13.

1.5K 95 109
                                    

   Rin stał i wpatrywał się w brata czekając na odpowiedź. Mimo to po paru minutach nic się nie zmieniło. W oczach młodszego chłopaka widać było niezdecydowanie, zmieszanie, niepewność... istny chaos. Białowłosy westchnął zrezygnowany i ukrył ponownie swoje płomienie. Właśnie ta czynność przykuła uwagę młodego egzorcysty. Demon bez słowa odwrócił się do niego plecami i zaczął powoli opuszczać pomieszczenie.

- Zaczekaj... - cichy szept zatrzymał go. Rin spojrzał przez ramię i aż się uśmiechnął. Yukio miał w oczach zdecydowanie, coś co starszy chciał zobaczyć. Wiedział, że jego brat teraz kalkuluje sytuację. Widocznie zauważył pułapkę. – Gdzie jest haczyk? – zapytał młodszy.

   Yukio wiedział, że jego brat od nie dawna jest bardzo tajemniczy. W momencie gdy Rin miał wyjść z pomieszczenia w głowie młodego egzorcysty pojawiło się małe światełko. Rin nie powiedział bym dołączył do niego, kalkulował. Może o to mu chodzi? Jego wątpliwości rozwiał uśmiech, który pojawił się na twarzy białowłosego. W myślach odetchnął z ulgą. Chyba trafił...
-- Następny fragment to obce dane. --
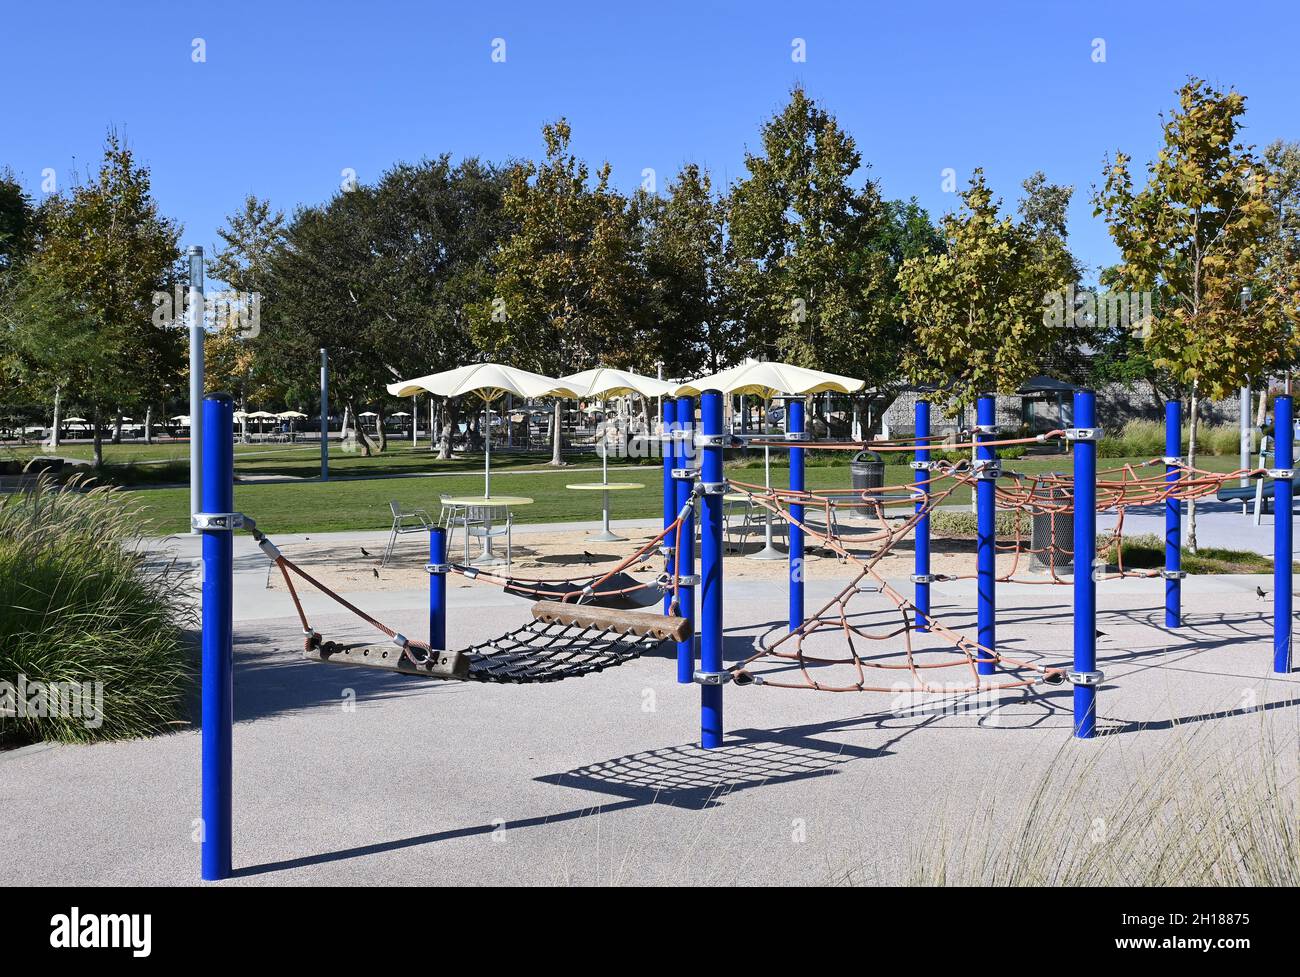 IRVINE, CALIFORNIA - 15 ottobre 2021: Apparecchio di arrampicata nell'area giochi per bambini con varie attrezzature per bambini piccoli. Foto Stock

- Masz rację, jest haczyk. Pytanie tylko jaki – oznajmił i z satysfakcją wpatrywał się w zamyślenie młodszego brata. Mógł wręcz zobaczyć trybiki kręcące się i analizujące jego słowa. Po chwili ciszy rozległ się zdecydowany głos Yukio.

- Muszę niestety odrzucić twoją ofertę – odpowiedział patrząc na oczy białowłosego w których błysnęła zainteresowanie. Młody egzorcysta w końcu znalazł rozwiązanie tego problemu, więc miał zamiar go użyć. – Jednak w zamian ja złożę ci propozycje – stwierdził śmiertelnie poważnie. Rin natomiast uśmiechnął się lekko.

- Słucham – odparł krótko.

- Nie mam zamiaru dołączyć do Illuminati, ani też uciekać przez resztę życia – zaczął. – Więc proponuję bym dołączył do ciebie – na te słowa oczy białowłosego lekko zapłonęły na niebiesko. Podszedł do młodszego chłopaka i wyciągnął w jego kierunku dłoń.

- Cieszę się, że zrozumiałeś. Niestety rozczaruję cię. Nie mam gdzie cię przyjąć. Moja organizacja nie jest jeszcze gotowa by się ujawnić, więc musisz gdzieś się ukryć. To odsunie podejrzenia – stwierdził spokojnie. Yukio nieco zdziwił się na tą szczerość, jednak jedyne co zrobił to lekkie skinienie głową. – A teraz ruchy. Reszta mojego oddziału na mnie czeka – dodał po chwili starszy i biegiem wyszedł z pomieszczenia.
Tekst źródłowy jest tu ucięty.